DF: I had a couple of questions about this play -- first, you're signaling to your teammates before the play. I'm always interested in this when I see it; who are you telling to do what here? Then, at the snap, you're taking off covering Jamaal Williams, but you have the presence of mind to deflect the attempted pass to Davante Adams, who doesn't seem happy about it at all. Is your key here to just cover Williams when he's to your side?LD: In this instance, I'm talking to Devin and [safety Jordan] Whitehead -- we all have to work together. Here, I have the back in coverage, and it's difficult because I could get picked. So, I'm asking Devin and Jordan to cover me up for my coverage -- just replace each other if the back goes out right away. DF: You mentioned the back going out right away and possibly getting picked -- what route from the back would cause that?LD: If he went straight to the flat. or did an out-and-up, or a wheel route. It's a long way for me to go. We talk it through, and if the back goes 'out right now,' to the side with the two tight ends, it's possible that I could get picked. So, one of those guys would replace me [in coverage], and I would cover them up and take their man. Fortunately here, the back wound up flipping [to the other side of the formation], so it made my job easier here. Once the ball's snapped, I can just go get him. I should have intercepted this pass. Stuff like that, I always go back and think -- we won the game, but that play right there would have separated me from everybody else in how I think of myself -- as being one of the greats. The greats make that play, so I have to be able to make it easier for our team.

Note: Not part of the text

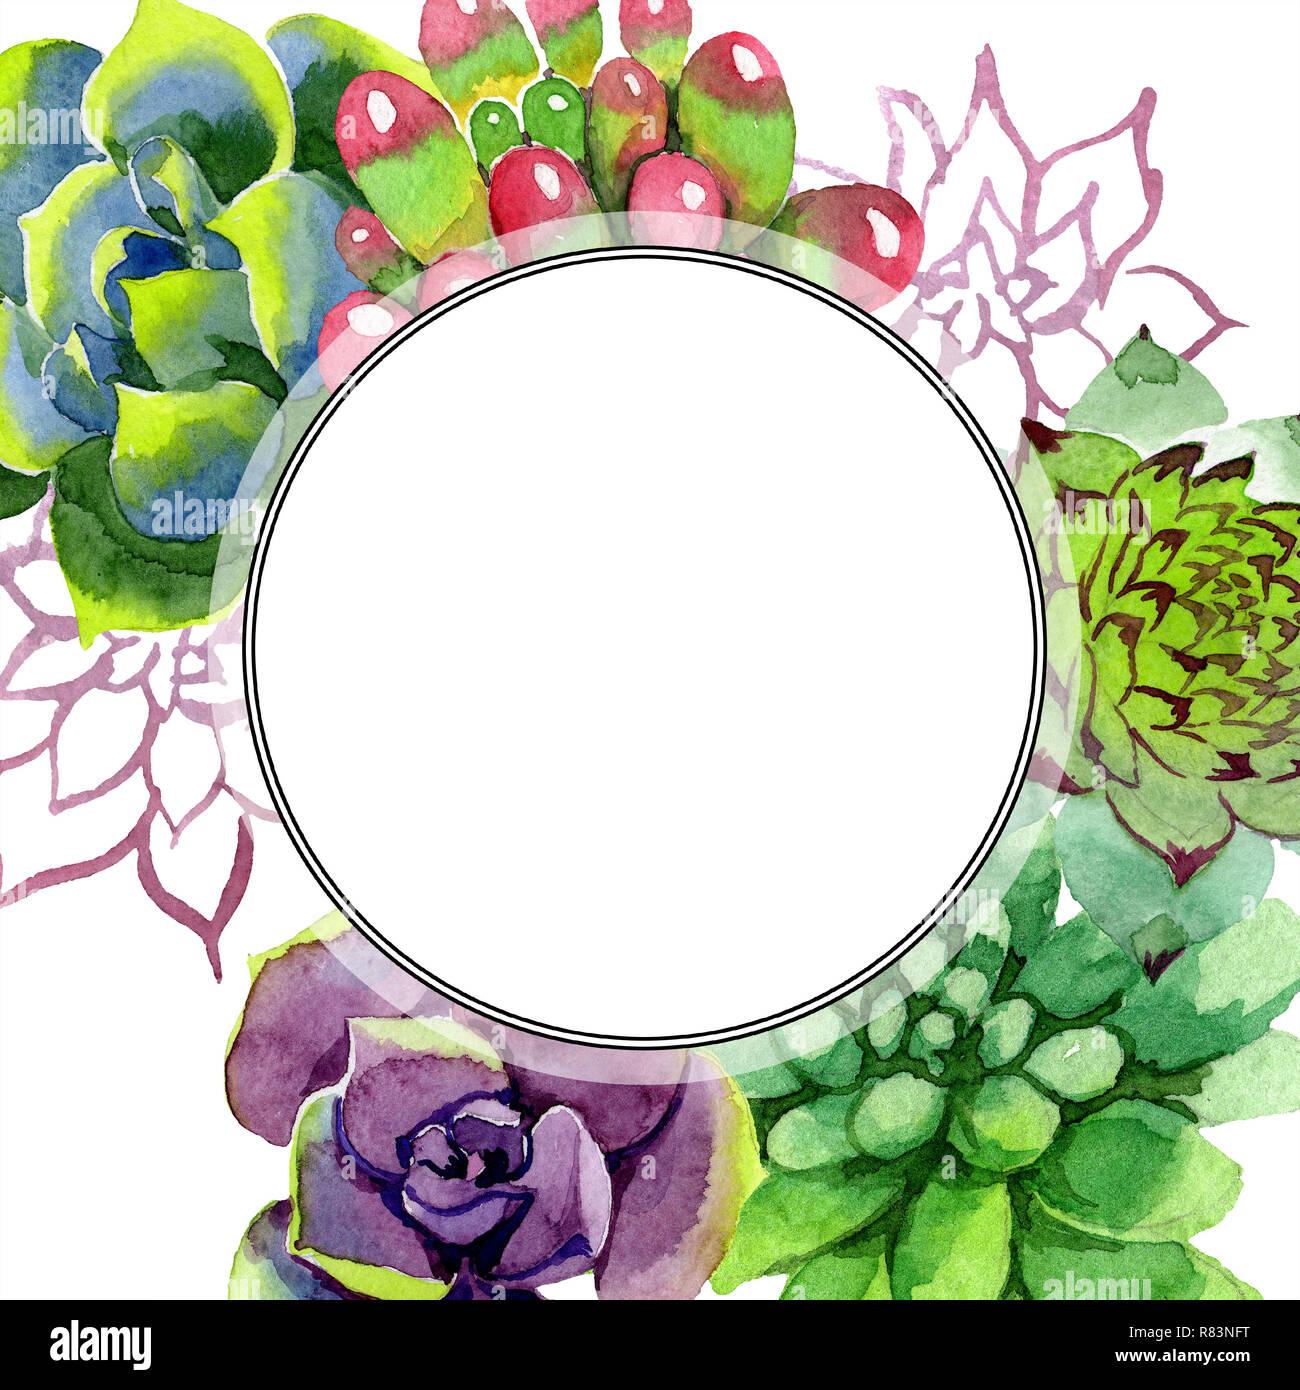 Amazing Succulent Floral Botanical Flower Watercolor Background Illustration Set Frame Border Ornament Round Aquarelle Hand Drawing Succulent Stock Photo Alamy

Incomplete pass vs. Travis Kelce -- Super Bowl LV

DF: The well-told story of Super Bowl LV was how your defense was able to pressure Patrick Mahomes, especially given Kansas City's offensive line issues, but I was fascinated by how you were covering Travis Kelce. On this play early in the third quarter, you're outside with Kelce and you follow him inside. Is this a look where you're spinning to 2-man? And on these plays where you're breaking up the quick slants to Kelce, would you be responsible for coverage if Kelce went deep up the seam or elsewhere? And overall, what was the plan for you to cover Kelce throughout the game?LD: Yeah, this is 2-Man all across the board. Me being outside and off [in coverage], I'm giving my cornerback the right of way. And then once [Kelce] comes back in, I can get more aggressive on him. I can put my hands on him because I have two-high help, and he ended up slipping here, and the quarterback was in a little bit of trouble. He's really trying to scramble here. But this is really where they made their plays at. Kelce is obviously a guy [Patrick Mahomes] always looks for, and he's a dominant tight end. So for me, in the week of practice, we really practiced stuff like this -- when you make their quarterback scramble, we have to stay on our guys the whole time. I just got into that mode -- when the quarterback scrambles, I just have to keep my body on the receiver. Like I said, he slipped, and I was able to stay in phase and make a play. DF: You mentioned having deep help, but in this coverage, if Kelce heads up the seam, he's your guy no matter what? LD: Yeah, he's my guy throughout this whole down. If he goes up the seam, what I could try to do is slip underneath and push him to my high safety. And if he goes shallow, I just stay on him. I believe this was a third down [Note: it was third-and-7 from the Tampa Bay 34-yard line with :38 left in the third quarter. The incompletion forced the Chiefs to kick a 52-yard field goal, which made the score: Buccaneers 21, Chiefs 9]. I was in a pretty good position. If it's a shallow route, I just follow him, and if it's high, I just push him to my high safety. I understood where my help was, and that allowed me to play aggressively.